Here I am sharing the same dispatcher across all sources and if I keep the same parallelism on rebalancing I feel the fair chance to each partition message processing is not possible. Am I correct? Please correct me
If I understand you correctly you want to have a fixed parallelism across dynamically changing number of Source
s that come and go as Kafka is rebalancing topic partitions.
Have a look at first example in the Alpakka Kafka documentation here. It can be adjusted to your example like this:
Consumer.DrainingControl<Done> control =
Consumer.committablePartitionedSource(consumerSettings, Subscriptions.topics("chat"))
.wireTap(p -> LOGGER.info("SETTING UP PARTITION-{} SOURCE", p.first().partition()))
.flatMapMerge(Integer.MAX_VALUE, Pair::second)
.mapAsync(
16,
msg -> CompletableFuture
.supplyAsync(() -> consumeMessage(msg),
actorSystem.dispatcher())
.thenApply(param -> msg.committableOffset()))
.withAttributes(
ActorAttributes.supervisionStrategy(
ex -> Supervision.restart()))
.toMat(Committer.sink(committerSettings), Consumer::createDrainingControl)

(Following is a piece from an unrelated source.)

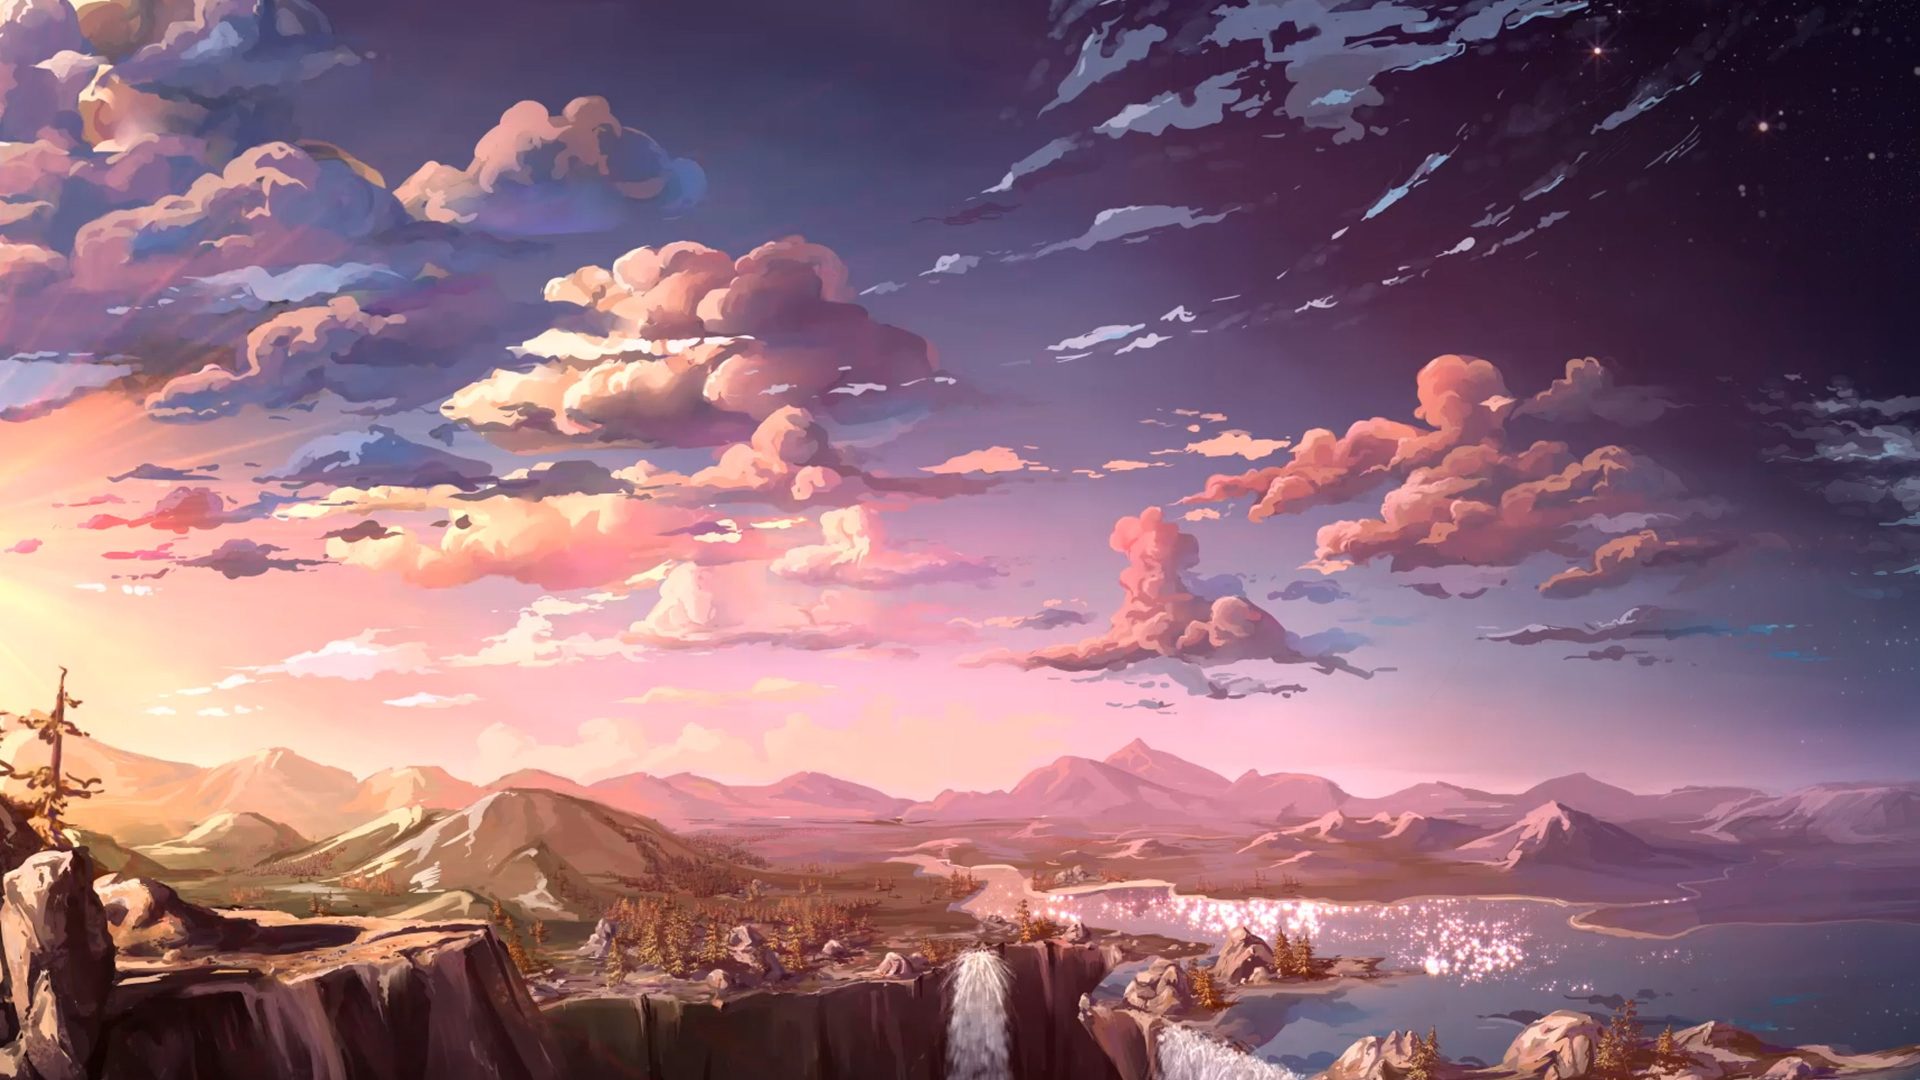 アニメの世界の壁紙,空,雲,山,山脈,自然の風景

.run(Materializer.matFromSystem(actorSystem));
So basically the Consumer.committablePartitionedSource()
will emit a Source
anytime Kafka assigns partition to this consumer and will terminate such Source
when previously assigned partition is rebalanced and taken away from this consumer.
The flatMapMerge
will take those Source
s and merge the messages they output.
All those messages will compete in the mapAsync
stage to get processed. The fairness of this competing is really down to the flatMapMerge
above that should give equal chance for all the Source
s to emit their messages. Regardless of how many Source
s are outputing messages, they will all share a fixed parallelism here, which I believe is what you're after.
All those messages eventually get to the Commiter.sink
that handles offset committing.